Recent studies have demonstrated that magnetic-resonance spectroscopic imaging (MRSI) of the prostate may effectively distinguish between regions of cancer and normal prostatic epithelium. This diagnostic imaging tool takes advantage of the increased choline plus creatine versus citrate ratio found in malignant compared to normal prostate tissue. The purpose of this study is to describe a novel brachytherapy treatment-planning optimization module using an integer programming technique that will utilize biologic-based optimization. A method is described that registers MRSI to intraoperative-obtained ultrasound images and incorporates this information into a treatment-planning system to achieve dose escalation to intraprostatic tumor deposits.


MRSI was obtained for a patient with Gleason 7 clinically localized prostate cancer. The ratios of choline plus creatine to citrate for the prostate were analyzed, and regions of high risk for malignant cells were identified. The ratios representing peaks on the MR spectrum were calculated on a spatial grid covering the prostate tissue. A procedure for mapping points of interest from the MRSI to the ultrasound images is described. An integer-programming technique is described as an optimization module to determine optimal seed distribution for permanent interstitial implantation. MRSI data are incorporated into the treatment-planning system to test the feasibility of dose escalation to positive voxels with relative sparing of surrounding normal tissues. The resultant tumor control probability (TCP) is estimated and compared to TCP for standard brachytherapy-planned implantation.

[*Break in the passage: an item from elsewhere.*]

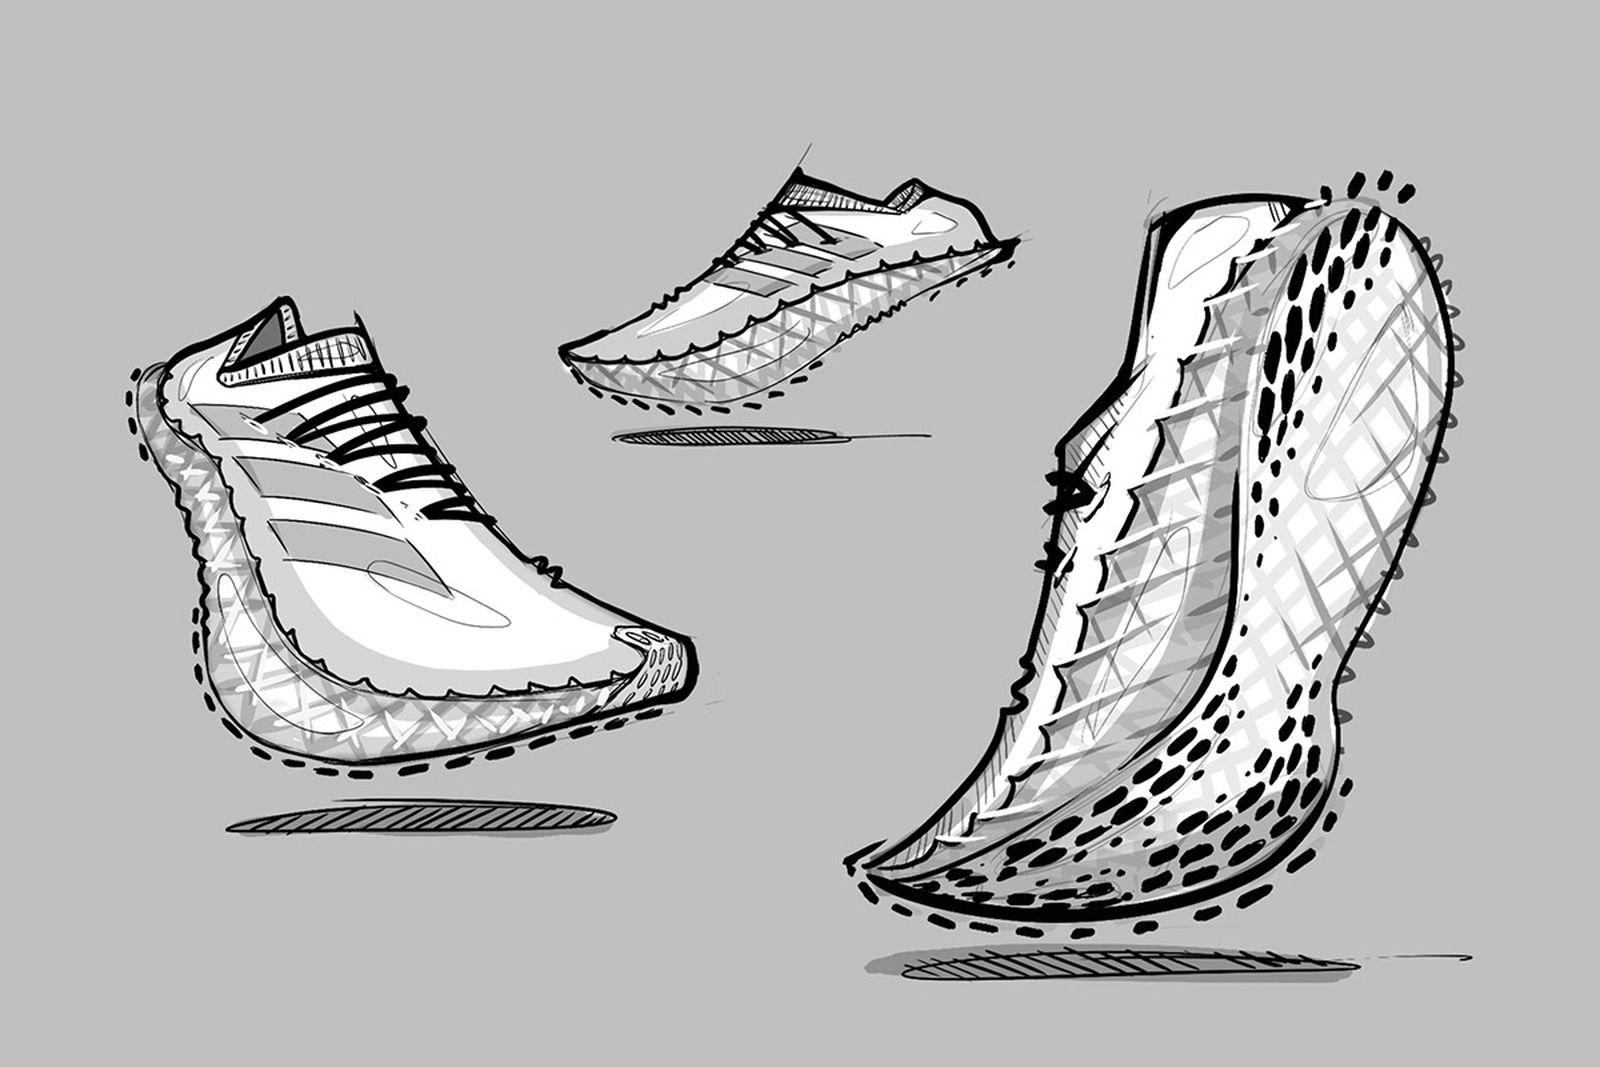 adidas-futurecraft-strung-deep-dive-interview-07

The proposed brachytherapy treatment-planning system is able to achieve a minimum dose of 120% of the 144 Gy prescription to the MRS positive voxels using (125)I seeds. The preset dose bounds of 100-150% to the prostate and 100-120% to the urethra were maintained. When compared to a standard plan without MRS-guided optimization, the estimated TCP for the MRS-optimized plan is superior. The enhanced TCP was more pronounced for smaller volumes of intraprostatic tumor deposits compared to estimated TCP values for larger lesions.


Using this brachytherapy-optimization system, we could demonstrate the feasibility of MRS-optimized dose distributions for (125)I permanent prostate implants. Based on probability estimates of anticipated improved TCP, this approach may have an impact on the ability to safely escalate dose and potentially improve outcome for patients with organ-confined but aggressive prostatic cancers. The magnitude of the TCP enhancement, and therefore the risks of ignoring the MR data, appear to be more substantial when the tumor is well localized; however, the gain achievable in TCP may depend quite considerably on the MRS tumor-detection efficiency.